On March 25, Taiwan and the US signed a memorandum of understanding (MOU) to establish a coast guard working group. In the past few years, the Coast Guard Administration has increasingly taken on the role of an auxiliary navy, while the US Coast Guard operates as one of the six branches of the US armed forces.
The MOU is not only the first joint agreement between Taiwan and the US under the administration of US President Joe Biden, it also represents a significant first step toward the formation of a quasi-military alliance between the two nations.

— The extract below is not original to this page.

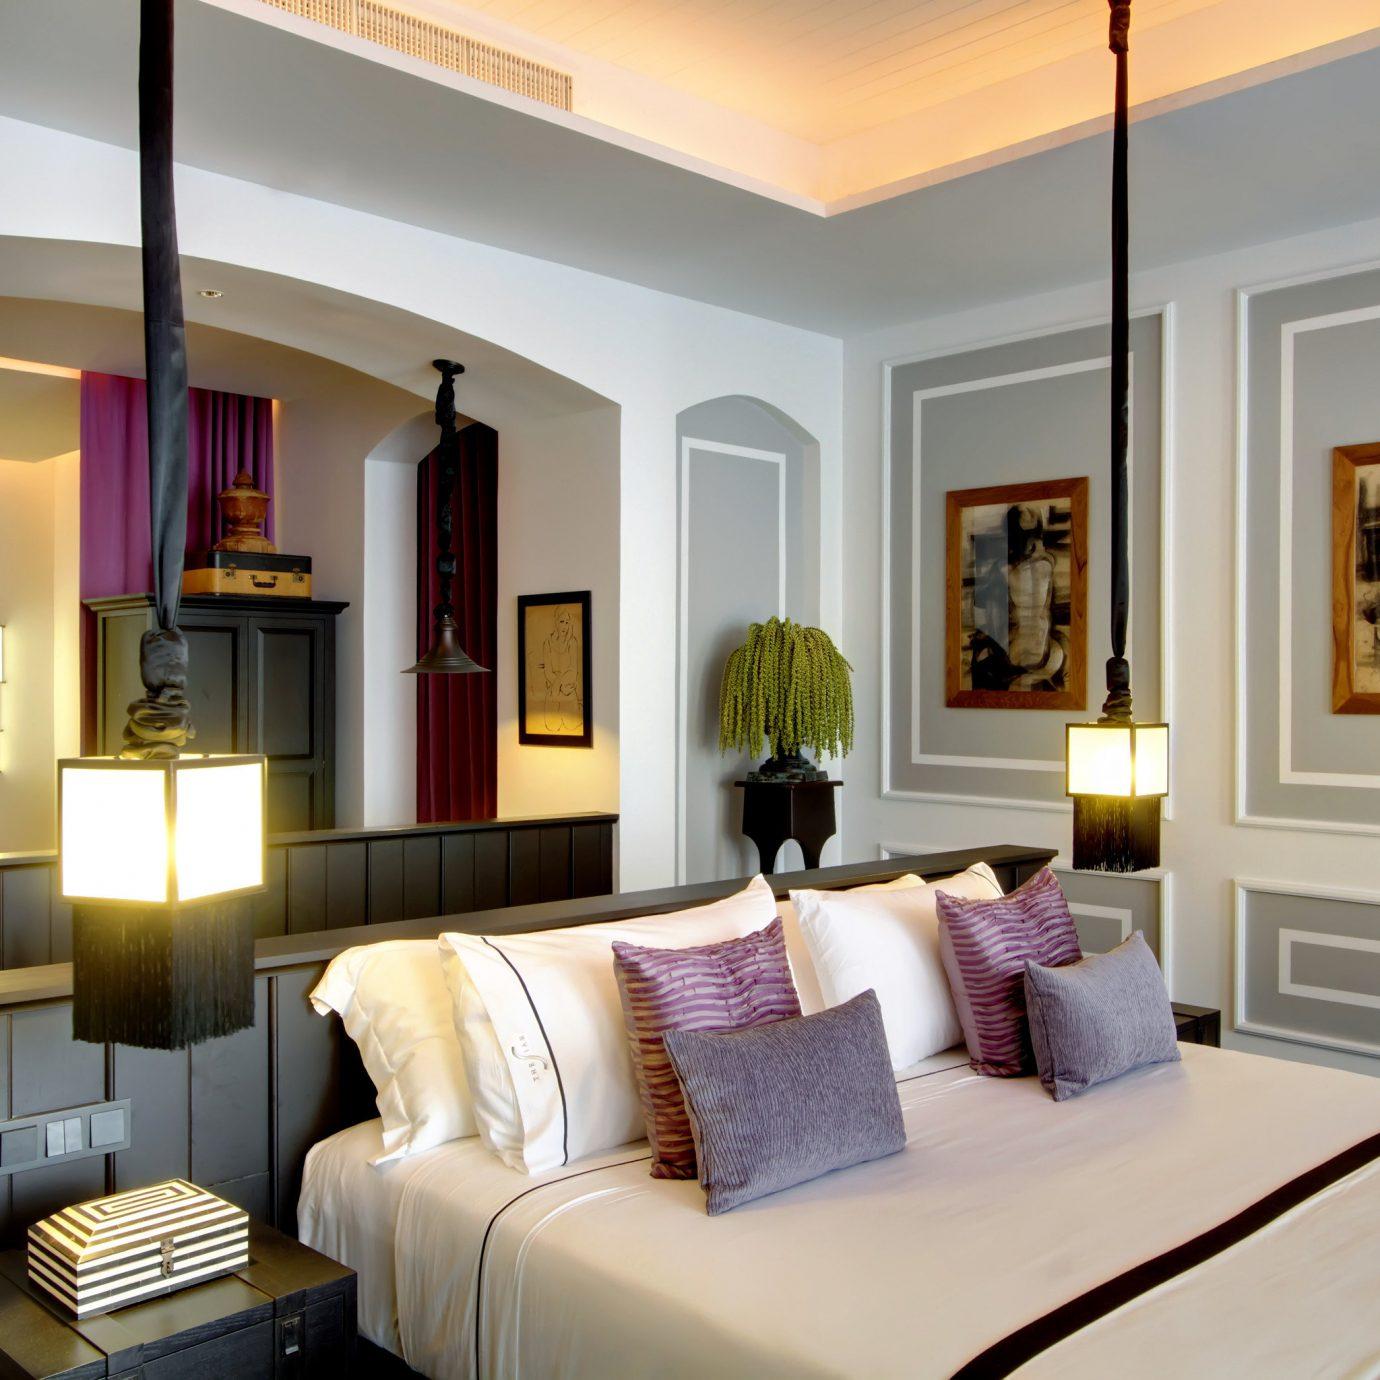 Bedroom City Honeymoon Luxury Romance Romantic sofa living room property home Suite flat Modern
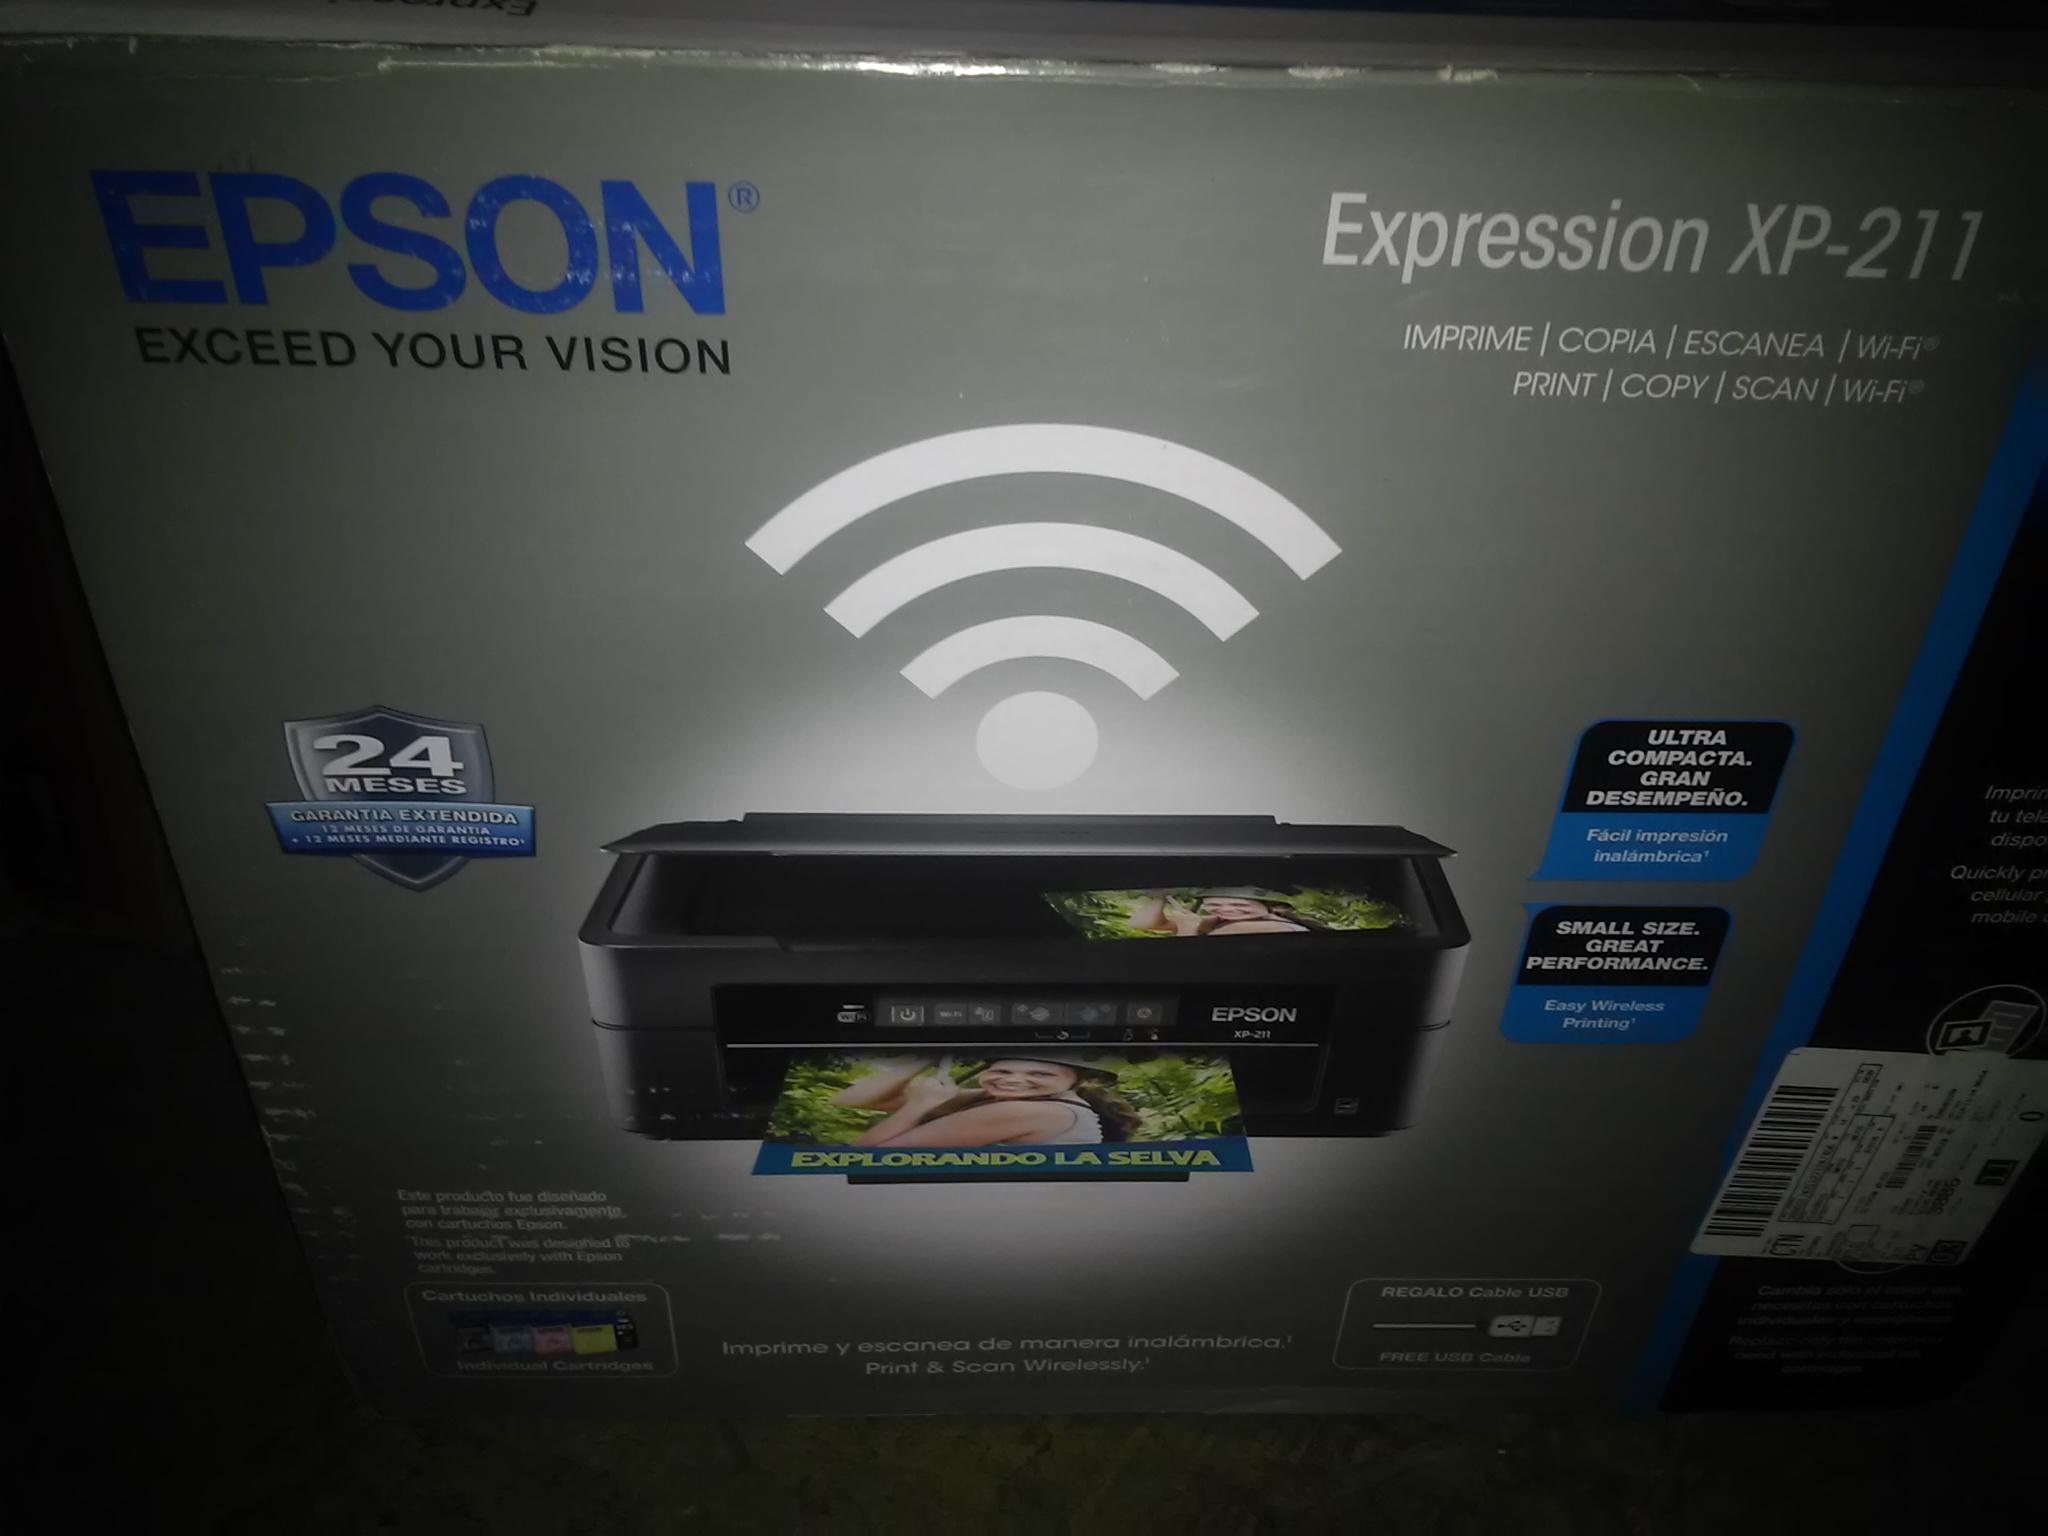 Walmart las animas puebla: Multifuncional Epson XP-211 $999

Just over two years ago, on March 25, 2019, US Coast Guard cutter the USCGC Bertholf and US Navy guided-missile destroyer the USS Curtis Wilbur transited through the Taiwan Strait on a freedom of navigation operation. It was the first such voyage involving a US Coast Guard vessel and the operation demonstrated that the coastal protection force was capable of operating alongside the US Navy, forward-deployed in the western Pacific for politically charged frontline duties such as traversing the Strait.
Moreover, on Dec. 17 last year, the US Navy, US Marine Corps and US Coast Guard published a joint report, titled “Advantage at Sea: Prevailing With Integrated All-Domain Naval Power.” The report was a follow-up to an earlier strategic guidance paper, titled “Forward, Engaged and Ready: A Cooperative Strategy for 21st Century Seapower,” published in March, 2015.
Right from the outset, last year’s report directly identifies China and Russia as “determined rivals” to the US, although China is referenced 33 times in the main body of the report, compared with only 16 mentions of Russia — twice as often. This demonstrates that the US military views China as by far the more serious threat.
The report also emphasizes that by working closely together and pooling their resources, these three branches of the US military can achieve synergies and a force multiplier effect so that US maritime power and the interests of US allies are not threatened.
In Taiwan, on Dec. 12 last year the first of 12 Anping-class patrol vessels — a modified and improved version of the Tuo Chiang-class missile corvette — entered service with the Coast Guard Administration. In addition to carrying the Chen Hai high-explosive missile system, the vessels are also capable of being retrofitted with the Hsiung Feng “Brave Wind” II and III anti-ship missile systems.
In other words, if required, the Anping-class patrol vessels can be upgraded to have the same capability as the navy’s planned 12 Tuo Chiang-class missile corvettes, providing the navy with an additional 12 fast-attack boats for deployment into a theater of war.
Additionally, before taking up the post at the beginning of the year, Coast Guard Administration Director-General Chou Mei-wu (周美伍) was a National Security Bureau special adviser based in Washington for a little more than two years. Chou’s time in Washington would have allowed him to establish communication channels and gain experience that would stand him in good stead for his current role. The government might have planned it this way to enable cooperation with the US on a broad range of maritime matters.
Defending against Chinese “gray zone” conflict in the Strait is to be the common security issue facing Taiwan and the US in the years ahead.
The signing of the MOU is a response to China’s Coast Guard Law, which came into effect on Feb. 1. The MOU is a potent signal of the shared stance and aspirations of both nations and a sign of deepening cooperation between Taipei and Washington that has sown the seed for a US-Taiwan quasi-military alliance.
Huang Wei-ping is a former think tank researcher.